This is the blog post that I write basically every day without realizing it. Basically everyone has dreams, goals, hopes, aspirations. Some more lofty than others, some more attainable than others, but all are life-giving. When you stop dreaming, you sort of stop.... stagnate. This is a a little of what happened to me when I went through some of my depression issues (compounded by the loss of my Grandmother and the burden of being a Mom and caregiver for my other Grandmother). I got so busy with grief and survival and the well-being of those I cared for, that I kind of forgot about dreaming. I didn't have the energy.

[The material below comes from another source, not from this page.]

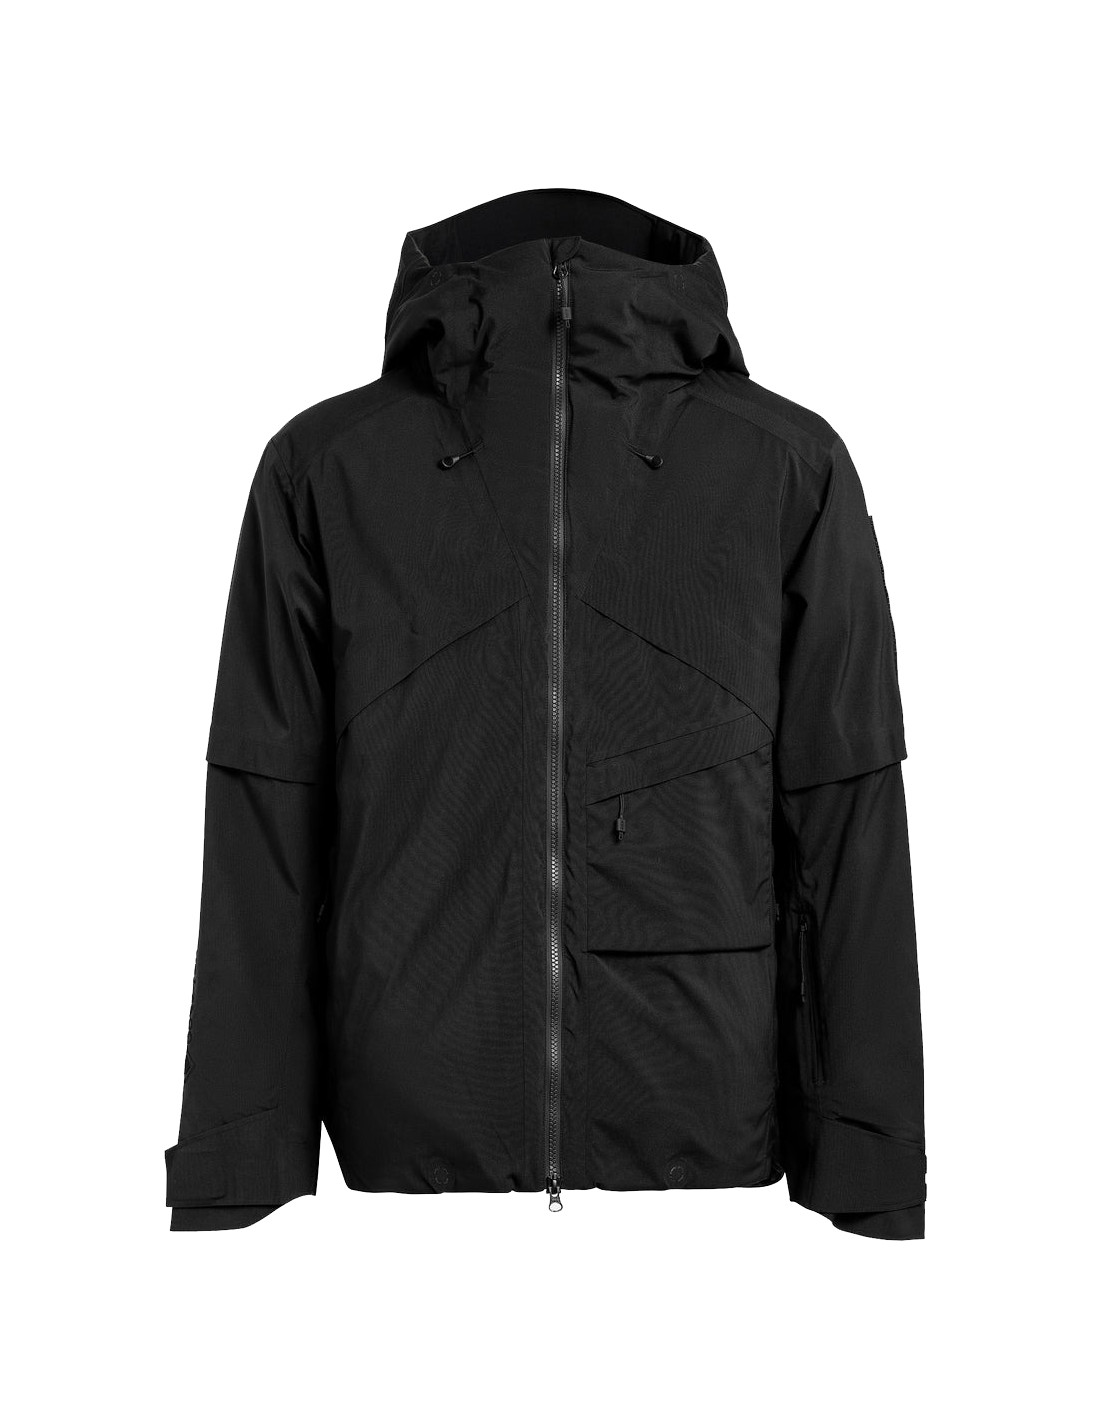 GORE-TEX 2L Stretch Insulated Jacket
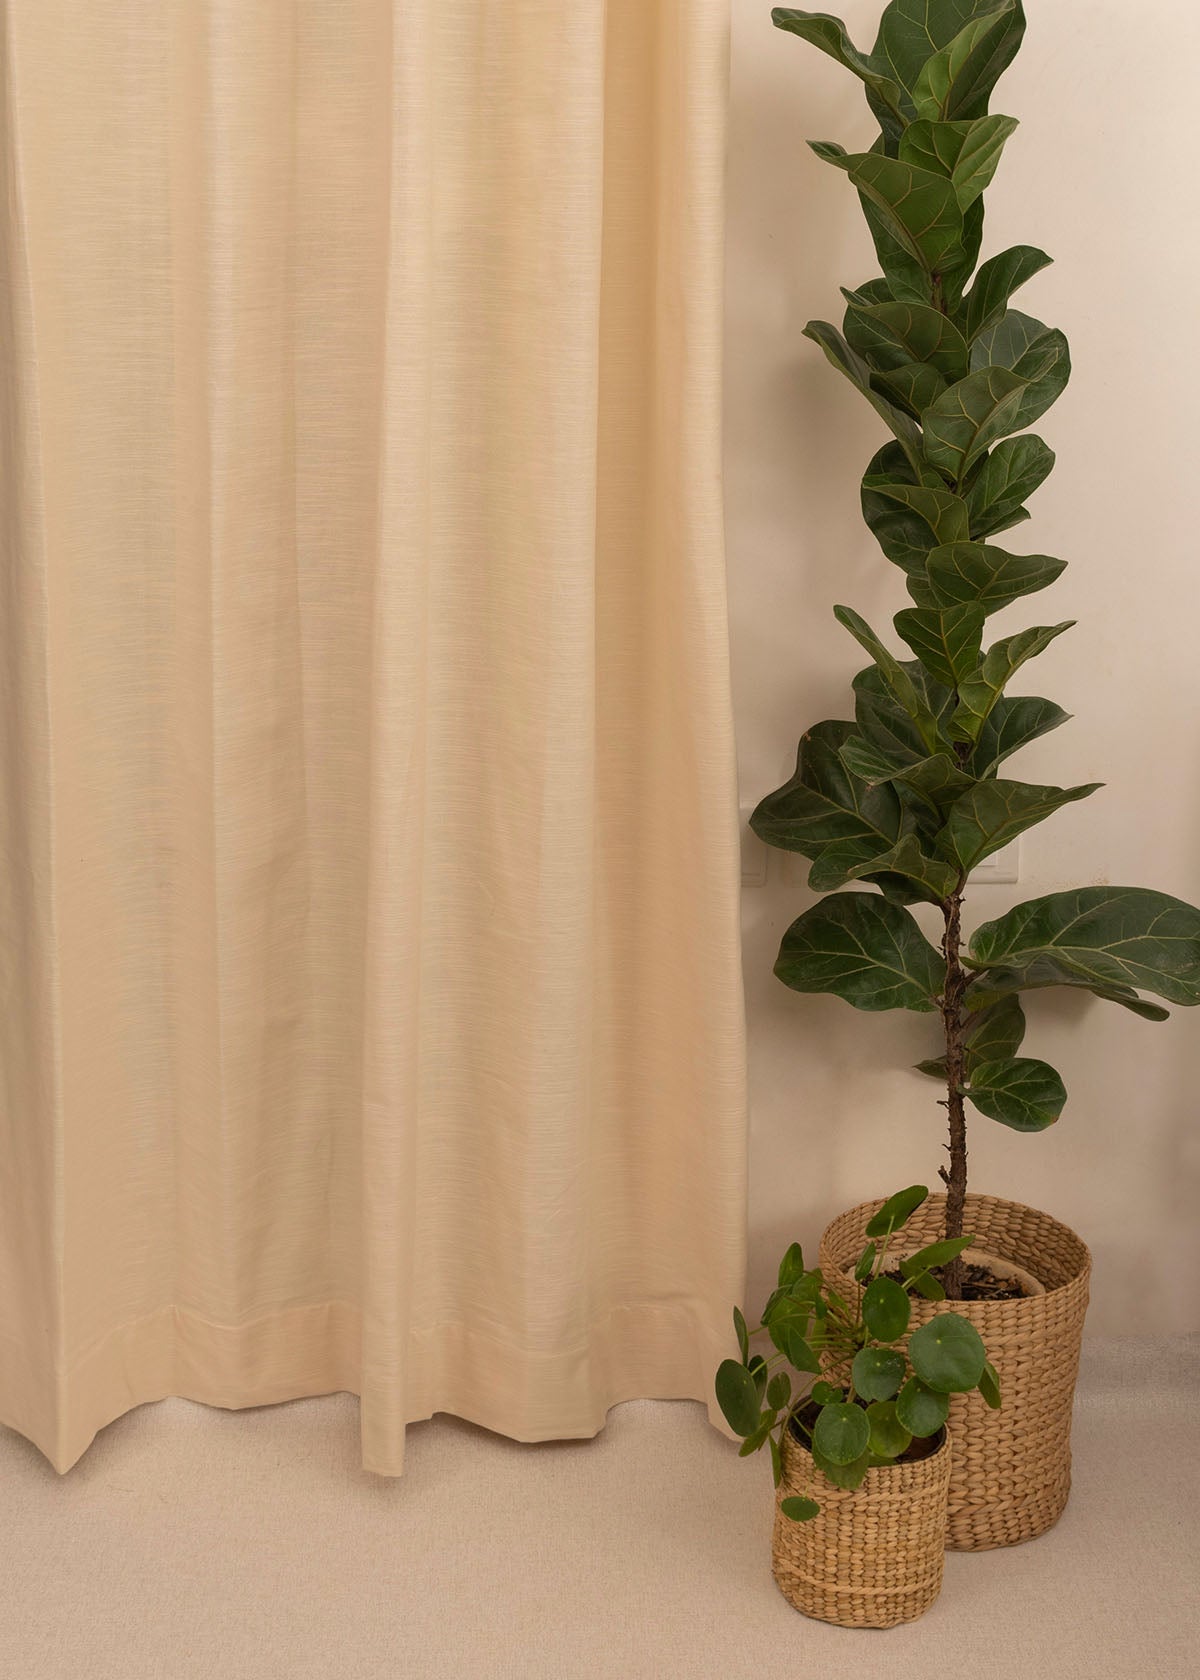 Solid Cream 100% Customizable Cotton plain curtain for bedroom - Room darkening

Then I kind of went a little overboard. I climbed out of the ditch of darkness and started running as fast as I could for fear of falling back in. I pursued my dreams of becoming a chaplain, enrolled myself in a unit of CPE (Clinical Pastoral Education) and completed this internship and education in the last two trimesters of my pregnancy and first 2 months of my son's life. Looking back, I think, what the hell was I thinking?! It was Hard. I did it though, and the sheer completion gives me more confidence now than I've had in a while. Once I saw the light (with a little help from my peer group in the program)- I realized I didn't need to run so hard. I could pursue multiple dreams without discrediting the others. I wanted to be a Mom. One that is home, doing the home thing. Basically I feel that I can do it better than anyone else and I don't make a mint trying to prove otherwise. That, and I genuinely want to be home with the boys.
Of course, I still need the art of dreaming to keep me from stagnating and getting a little stir-crazy. So in my break from my chaplaincy training, I'm finding that the dream that excites me the most right now is writing. I don't even know what that looks like. It's been a foundational dream of mine for ages. I have felt called to various roles in my life, but my heart always falls dreamily back on the art of writing. This is what makes me happy. This is what I steal time to do. This is the scariest, most obvious dream I have. And yet- I ignore it because I don't know what to do with it. So I dabble in blogging, I read others' writing. I get inspired by random articles posted on Facebook. I get annoyed by some articles that have been published and are horrifically written. I get self-conscious about my own style and wonder if I'm making grammatical and spelling errors left and right.
So, what do we do with our obvious dreams? The ones that haunt the back of our minds because while they make us the most happy, they also scare the ever-loving bejeebus out of us. They are often the hardest to accomplish, the vaguest to plan for, and of course they make the least amount of money. Who ever heard of a rich theologian?